§ About this exercise:
Given the entries that follow, write out exactly the lines starting at the one containing "5 of the Most-Loved Eyeliners on Influenster" and ending at the one containing "A TALL RUSTIC", both ends included, and only those.

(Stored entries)

%%

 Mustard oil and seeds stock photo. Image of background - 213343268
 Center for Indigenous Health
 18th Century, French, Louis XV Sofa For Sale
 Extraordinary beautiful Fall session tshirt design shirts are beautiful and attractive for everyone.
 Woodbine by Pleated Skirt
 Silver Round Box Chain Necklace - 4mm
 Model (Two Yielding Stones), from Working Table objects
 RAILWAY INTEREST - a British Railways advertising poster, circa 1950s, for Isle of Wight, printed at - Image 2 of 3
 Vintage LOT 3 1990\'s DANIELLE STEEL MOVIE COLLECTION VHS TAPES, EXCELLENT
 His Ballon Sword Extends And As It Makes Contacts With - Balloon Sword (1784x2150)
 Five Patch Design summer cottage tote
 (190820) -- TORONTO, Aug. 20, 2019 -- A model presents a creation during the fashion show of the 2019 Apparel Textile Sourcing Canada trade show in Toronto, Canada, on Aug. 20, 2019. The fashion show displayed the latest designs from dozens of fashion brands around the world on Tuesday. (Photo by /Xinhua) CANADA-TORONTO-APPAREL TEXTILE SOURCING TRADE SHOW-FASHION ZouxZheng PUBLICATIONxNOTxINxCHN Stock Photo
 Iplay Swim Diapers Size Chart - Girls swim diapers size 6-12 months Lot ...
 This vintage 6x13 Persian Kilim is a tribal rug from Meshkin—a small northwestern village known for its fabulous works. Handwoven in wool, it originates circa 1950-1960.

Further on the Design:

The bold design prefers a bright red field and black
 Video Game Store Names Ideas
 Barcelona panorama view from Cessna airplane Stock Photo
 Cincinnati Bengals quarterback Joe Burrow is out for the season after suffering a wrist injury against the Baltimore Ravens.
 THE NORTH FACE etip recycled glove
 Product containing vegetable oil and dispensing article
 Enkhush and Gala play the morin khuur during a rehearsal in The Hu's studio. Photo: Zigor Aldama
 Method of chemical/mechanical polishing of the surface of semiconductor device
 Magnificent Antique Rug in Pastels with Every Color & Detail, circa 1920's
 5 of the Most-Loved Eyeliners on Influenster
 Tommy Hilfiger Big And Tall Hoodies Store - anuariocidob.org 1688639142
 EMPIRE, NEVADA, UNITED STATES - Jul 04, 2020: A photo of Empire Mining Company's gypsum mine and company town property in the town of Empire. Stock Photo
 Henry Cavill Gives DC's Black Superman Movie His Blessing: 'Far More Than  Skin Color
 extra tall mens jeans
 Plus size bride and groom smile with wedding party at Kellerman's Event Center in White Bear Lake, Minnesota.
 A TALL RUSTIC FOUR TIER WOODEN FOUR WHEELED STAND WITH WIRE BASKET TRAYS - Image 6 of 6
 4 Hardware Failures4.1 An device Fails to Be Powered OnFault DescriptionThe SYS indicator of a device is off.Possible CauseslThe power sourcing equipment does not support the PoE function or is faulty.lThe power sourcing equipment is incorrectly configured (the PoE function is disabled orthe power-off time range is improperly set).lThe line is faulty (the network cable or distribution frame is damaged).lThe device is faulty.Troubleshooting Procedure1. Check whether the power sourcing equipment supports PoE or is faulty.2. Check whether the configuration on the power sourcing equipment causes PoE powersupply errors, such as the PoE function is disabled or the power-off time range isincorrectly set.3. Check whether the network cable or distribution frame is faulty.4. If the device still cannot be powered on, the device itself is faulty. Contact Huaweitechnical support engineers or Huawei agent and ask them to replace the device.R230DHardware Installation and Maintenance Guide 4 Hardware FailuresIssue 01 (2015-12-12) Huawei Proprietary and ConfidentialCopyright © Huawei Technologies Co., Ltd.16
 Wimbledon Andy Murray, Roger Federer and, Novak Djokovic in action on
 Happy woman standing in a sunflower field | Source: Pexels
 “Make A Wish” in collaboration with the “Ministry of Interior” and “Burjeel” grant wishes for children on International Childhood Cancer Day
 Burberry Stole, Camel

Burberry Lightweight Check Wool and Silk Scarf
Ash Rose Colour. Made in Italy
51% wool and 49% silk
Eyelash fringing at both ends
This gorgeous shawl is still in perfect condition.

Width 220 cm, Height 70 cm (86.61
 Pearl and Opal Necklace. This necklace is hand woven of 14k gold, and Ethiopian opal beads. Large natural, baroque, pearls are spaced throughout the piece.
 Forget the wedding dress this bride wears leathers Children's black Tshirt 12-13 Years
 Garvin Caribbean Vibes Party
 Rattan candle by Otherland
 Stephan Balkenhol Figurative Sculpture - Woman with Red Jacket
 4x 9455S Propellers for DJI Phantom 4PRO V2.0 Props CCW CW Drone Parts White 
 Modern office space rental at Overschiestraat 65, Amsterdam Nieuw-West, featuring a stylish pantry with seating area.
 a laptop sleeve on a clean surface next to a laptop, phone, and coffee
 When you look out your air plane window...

%%

§ Answer box:
 5 of the Most-Loved Eyeliners on Influenster
 Tommy Hilfiger Big And Tall Hoodies Store - anuariocidob.org 1688639142
 EMPIRE, NEVADA, UNITED STATES - Jul 04, 2020: A photo of Empire Mining Company's gypsum mine and company town property in the town of Empire. Stock Photo
 Henry Cavill Gives DC's Black Superman Movie His Blessing: 'Far More Than  Skin Color
 extra tall mens jeans
 Plus size bride and groom smile with wedding party at Kellerman's Event Center in White Bear Lake, Minnesota.
 A TALL RUSTIC FOUR TIER WOODEN FOUR WHEELED STAND WITH WIRE BASKET TRAYS - Image 6 of 6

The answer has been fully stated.